We produce summaries of merchantable net bole volume for each visit to FIA plots in our area of interest using the volume() function in rFIA. In the code below, byPlot=TRUE indicates to rFIA that we would like to produce plot-level summaries as opposed to population estimates, and areaDomain = UNITCD == 1 specifies our spatial domain of interest, where UNITCD is a unique code representing FIA’s survey units (defined in the FIA database), and UNITCD 1 represents Washington County. Finally, landType = "timber" indicates that we would like to restrict our land basis to timberland, as opposed to all forestland (i.e., all plots on non-timber forestland will receive values of zero).

plt.vol <- rFIA::volume(db,
                        byPlot = TRUE,
                        areaDomain = UNITCD == 1,
                        landType = 'timber')

Importantly, rFIA estimator functions will only return plot-level summaries for forested plots (no visits to non-forested plots are returned). Since our model-based estimation approach requires that both forested and non-forested plots be considered and our model dataset (mod.data) contains both forested and non-forested plots, when we join on the output of volume() (from above), we will have NAs listed in our response variable (BOLE_CF_ACRE) for non-forested plots. In these instances, we replace NA with 0:

mod.dat <- mod.dat %>%
  # Join response variable onto plot-visit dataset
  dplyr::left_join(dplyr::select(plt.vol, pltID, PLT_CN, BOLE_CF_ACRE),
                   by = c('pltID', 'PLT_CN')) %>%
  # Replace any NA's (indicating non-forested plots) with 0s
  tidyr::replace_na(list(BOLE_CF_ACRE = 0))
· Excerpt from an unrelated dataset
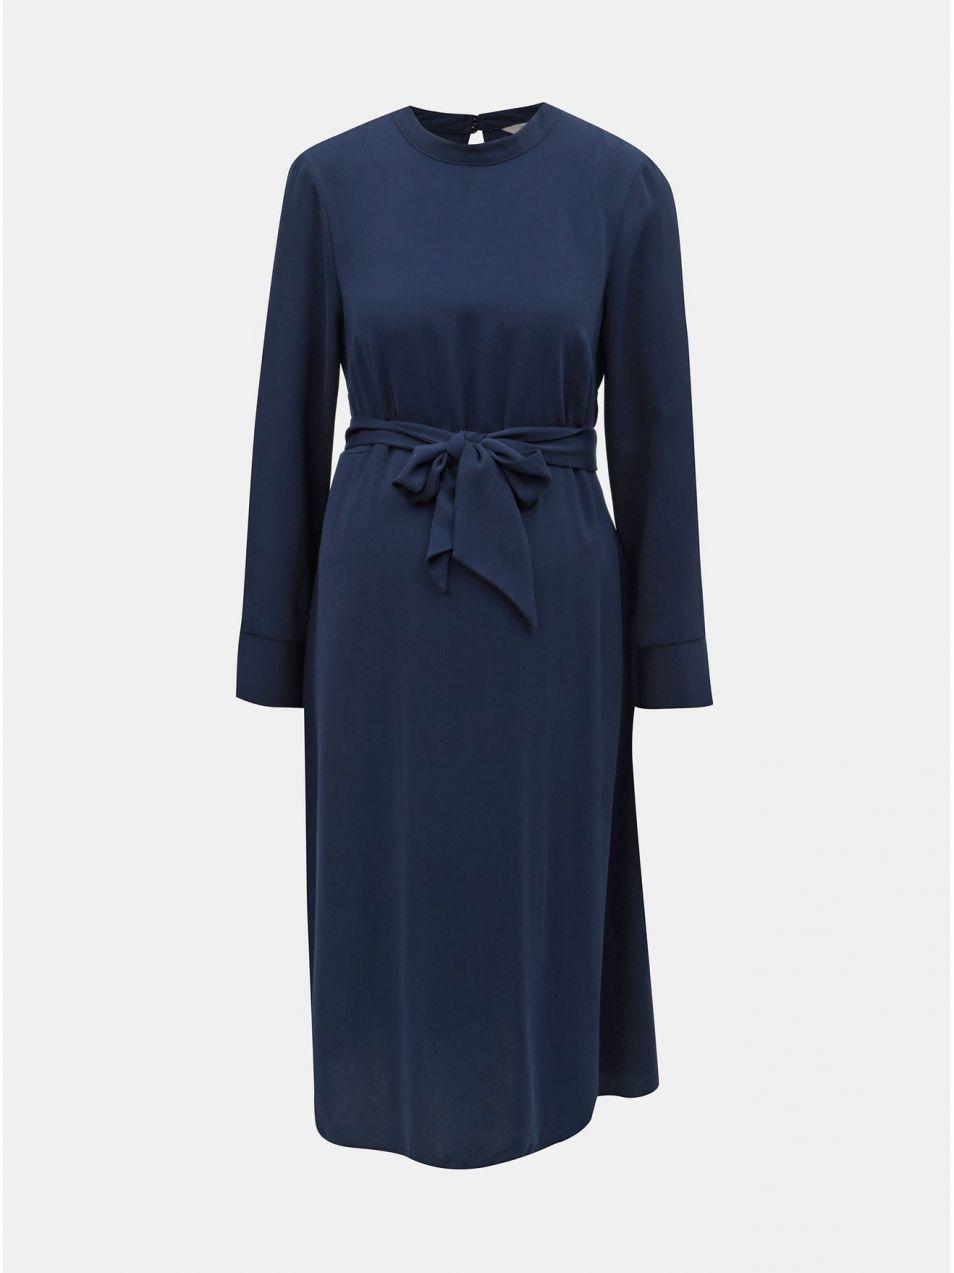 9fa549f913bf Tmavomodré tehotenské šaty Dorothy Perkins Maternity značky Dorothy ...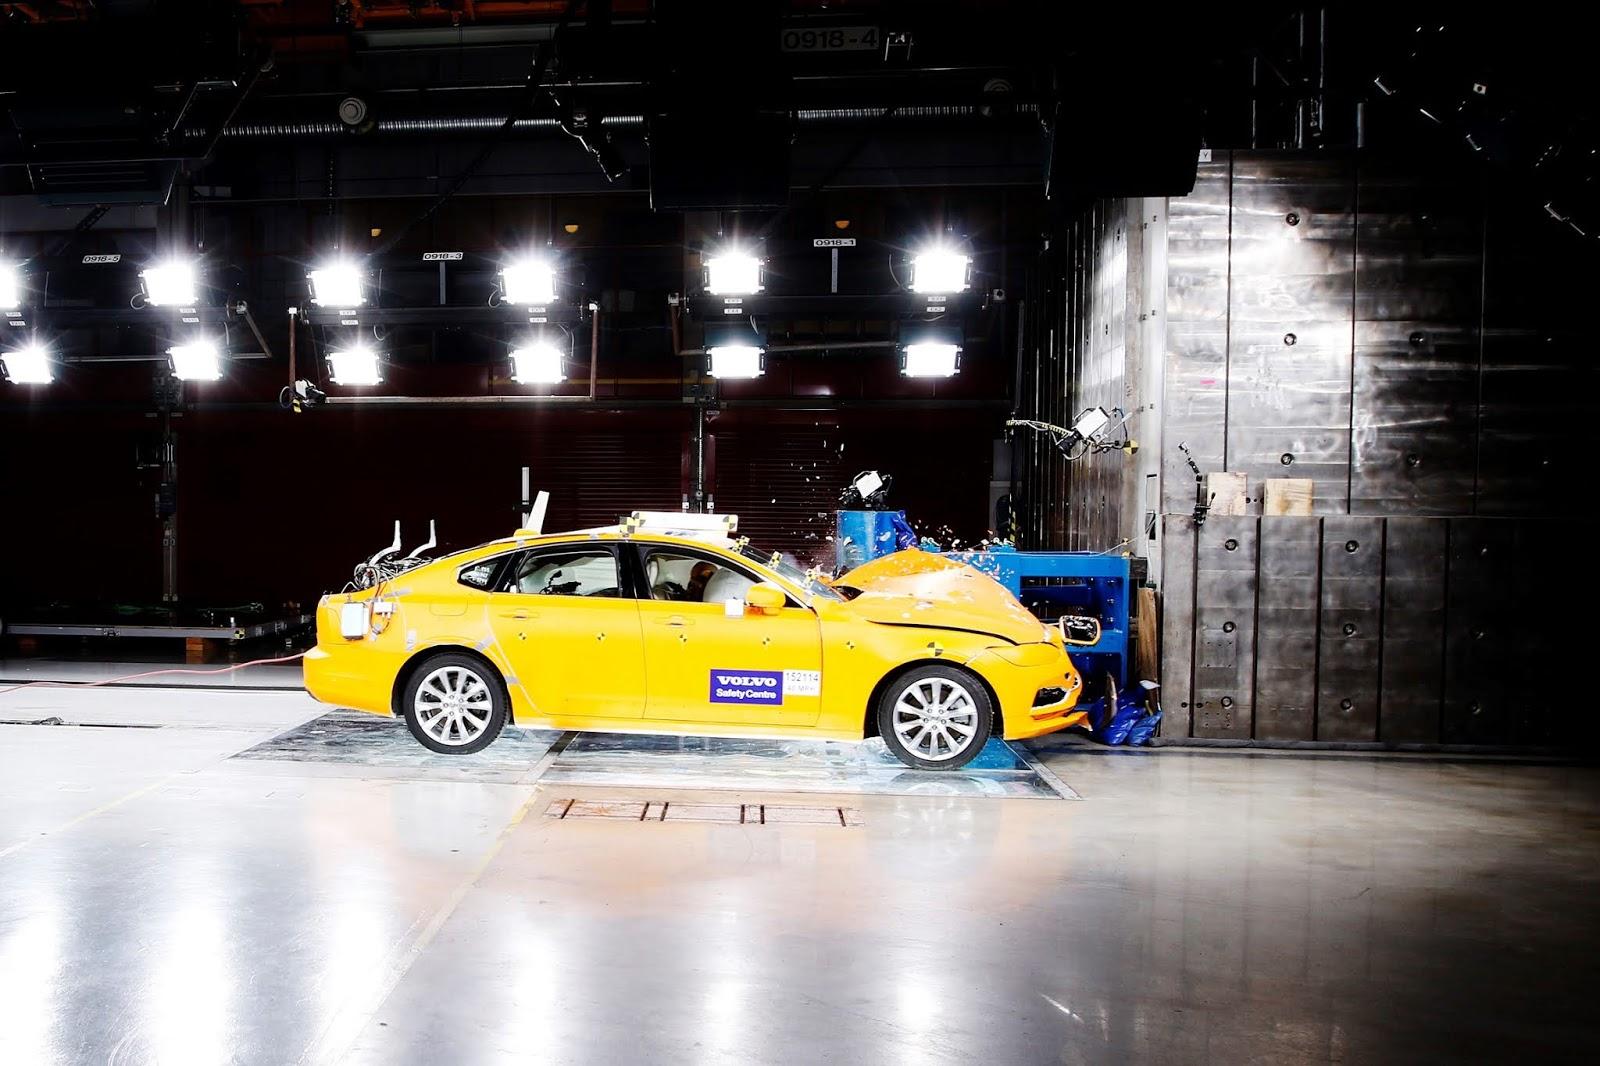 172072 Volvo S90 Small Overlap Crash Test 20 χρόνια Volvo Cars Safety Centre : Δύο δεκαετίες, σώζει ζωές crash tests, Volvo, Volvo Cars, ασφάλεια, ειδήσεις, καινοτομία

Dropping unnecessary estimation units

Finally, we drop all estimation units that contain no non-zero observations of merchantable wood volume. For example, this includes estimation units that are outside of Washington County, and estimation units that are within Washington County, but are exclusively non-forested (e.g., census water).

mod.dat <- mod.dat %>%
  # An indicator that is positive when non-zero observations
  # are available within an estimation unit
  dplyr::group_by(ESTN_UNIT_CN) %>%
  dplyr::mutate(nonzero = sum(BOLE_CF_ACRE, na.rm = TRUE)) %>%
  dplyr::ungroup() %>%
  # Drop all data from unnecessary estimation units
  dplyr::filter(nonzero > 0) %>%
  # Simplify our data structure by dropping some columns
  dplyr::select(ESTN_UNIT_CN, AREA_USED, STRATUM_CN,
                STRATUM_WGT, pltID, YEAR, BOLE_CF_ACRE)

Model development

Variable scaling

In preparation for model fitting, we convert units of our response variable from cubic feet per acre to cubic meters per hectare and scale our predictor (calender year) to facilitate interpretation of the intercept term:

mod.dat <- mod.dat %>%
  # Group indicator variables must be factors
  dplyr::mutate(STRATUM_CN = as.factor(STRATUM_CN)) %>%
  # Scale predictor and response
  dplyr::mutate(time = YEAR - 1999,
                # Converting ccf/acre to m^3/ha
                vol = BOLE_CF_ACRE / 35.315 * 2.471)

Setting priors

Next we set priors for our population-level regression coefficients ( $\alpha$ and $\beta$ ), and their associated among ( $\sigma_{\alpha_{h}}^2$ and $\sigma_{\beta_{h}}^2$ ) and within stratum variances ( $\sigma_{\alpha_{hi}}^2$ and $\sigma_{\beta_{hi}}^2$ ), and for the residual variance of the model. All priors have been designed to be weakly informative:

priors <- c(
   # Population-level regression coeffients
   brms::prior(normal(50, 250),
               class = Intercept),
   brms::prior(normal(0, 100),
               class = b,
               coef = time),

   # Among- and within stratum standard deviation of coefficients
   # These cover both alpha and beta
   brms::prior(student_t(3, 0, 100),
               class = sd,
               group = STRATUM_CN), # Across strata
   brms::prior(student_t(3, 0, 100),
               class = sd,
               group = pltID:STRATUM_CN), # Within stratum

   # Residual standard deviation
   brms::prior(student_t(3, 0, 100),
               class = sigma)
)

Fitting the model

Finally, we estimate our model using the brms package, which can be used to fit a wide variety of Bayesian models using a common syntax (mirrored from popular mixed-modeling packages, like lme4).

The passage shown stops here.